2. The effect of the default judgment.  Since the judgment in the former action had become final, the court erred, not in rejecting plaintiff's offer of proof, for such proof was unessential, but in rendering judgment in favor of defendant on the evidence before the court, consisting of the complaint in the original action, the default of defendant, and the judgment for plaintiff. The evidence tendered by the offer of proof would have established nothing more than defendant had admitted by his failure to answer in the first action. By permitting his default to be entered he confessed the truth of all the material allegations in the complaint (Wilshire Mortgage Corp. v. O. A. Graybeal Co., 41 Cal. App. 1, 5 [105 P.2d 996]; Strong v. Shatto, 201 Cal. 555, 558 [258 P. 71]; Brown v.
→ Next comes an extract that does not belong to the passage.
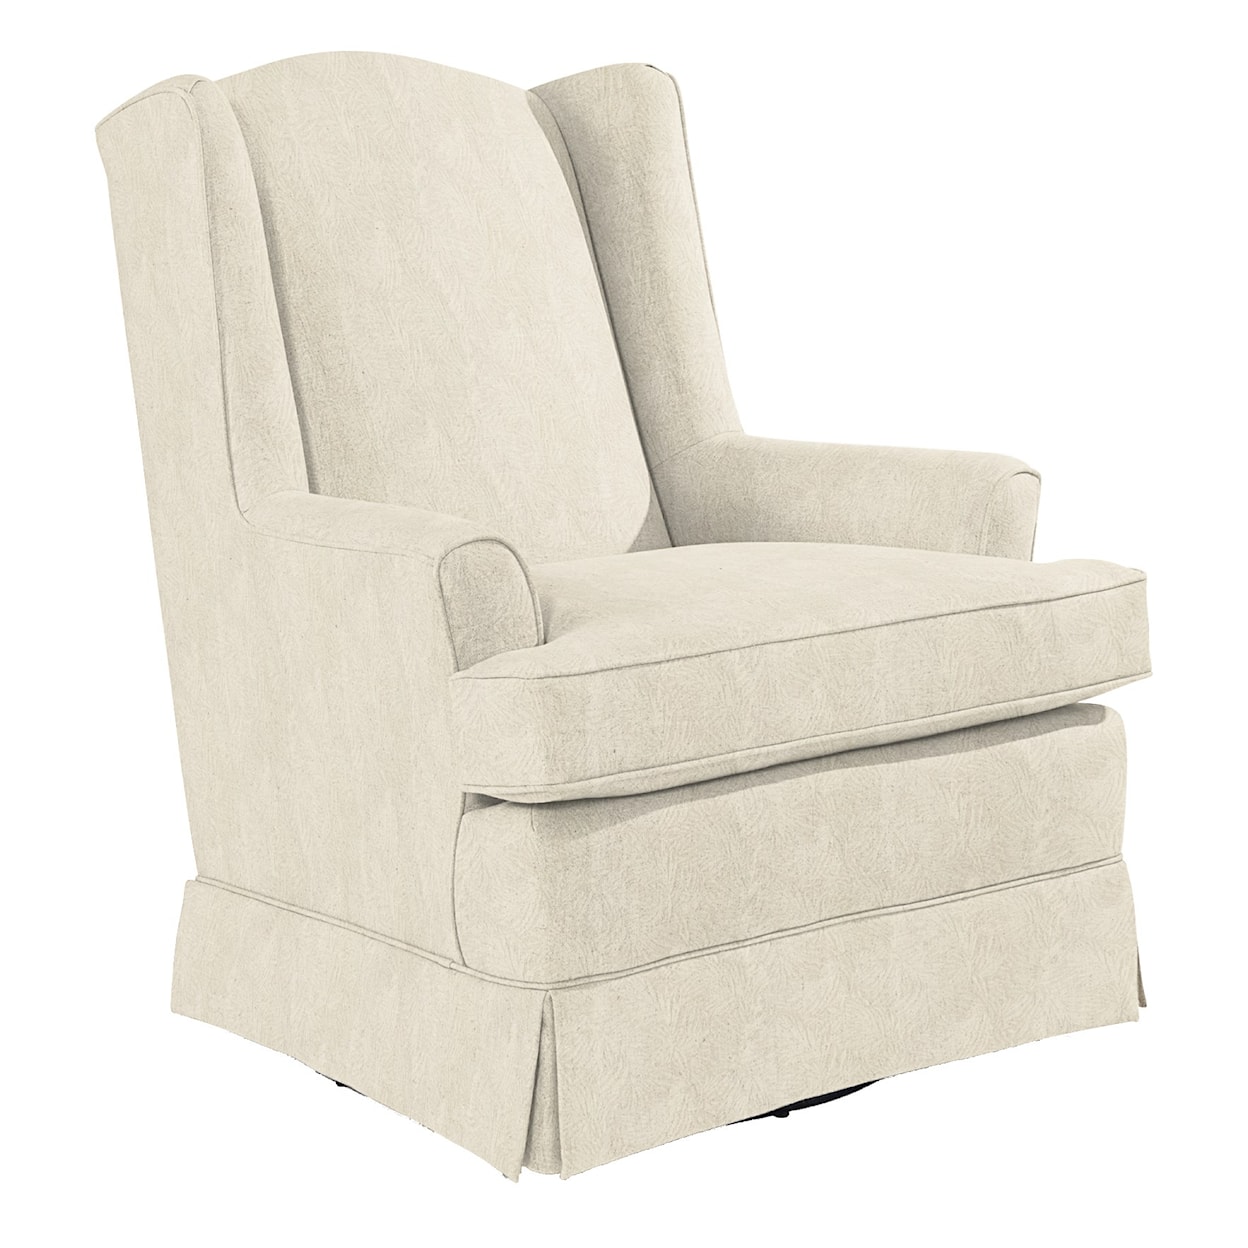 Best Home Furnishings Swivel Glide Chairs Natasha Swivel Glider

Brown, 170 Cal. 1, 5 [147 P. 1168]) including the allegations of wantonness, recklessness and gross carelessness. (Van Epps v. Aufdemkamp, supra, at p. 624.)  A judgment by default is as conclusive as to the issues tendered by the complaint as if it had been rendered after answer filed and trial had on allegations denied by the answer. (Maddux v. County Bank, 129 Cal. 665, 667 [62 P. 264, 79 [78 Cal. App. 2d 132] Am.St.Rep. 143]; Morenhut v. Higuera, 32 Cal. 289, 295.) Such a judgment is res judicata as to all issues aptly pleaded in the complaint and defendant is estopped from denying in a subsequent action any allegations contained in the former complaint. (Horton v. Horton, 18 Cal. 2d 579, 585 [116 P.2d 605]; Harvey v. Griffiths, 133 Cal. App. 17, 22 [23 P.2d 532].) Since the only defense presented in the instant action was the discharge in bankruptcy, futile insofar as plaintiff's claim is concerned, judgment should have been rendered in favor of plaintiff on the evidence introduced.
Judgment reversed with instructions (1) to vacate the order striking out portions of the complaint; (2) to make findings of fact and conclusions of law in accord with this opinion; (3) to enter judgment for plaintiff as prayed.
Moore, P. J., and McComb, J., concurred.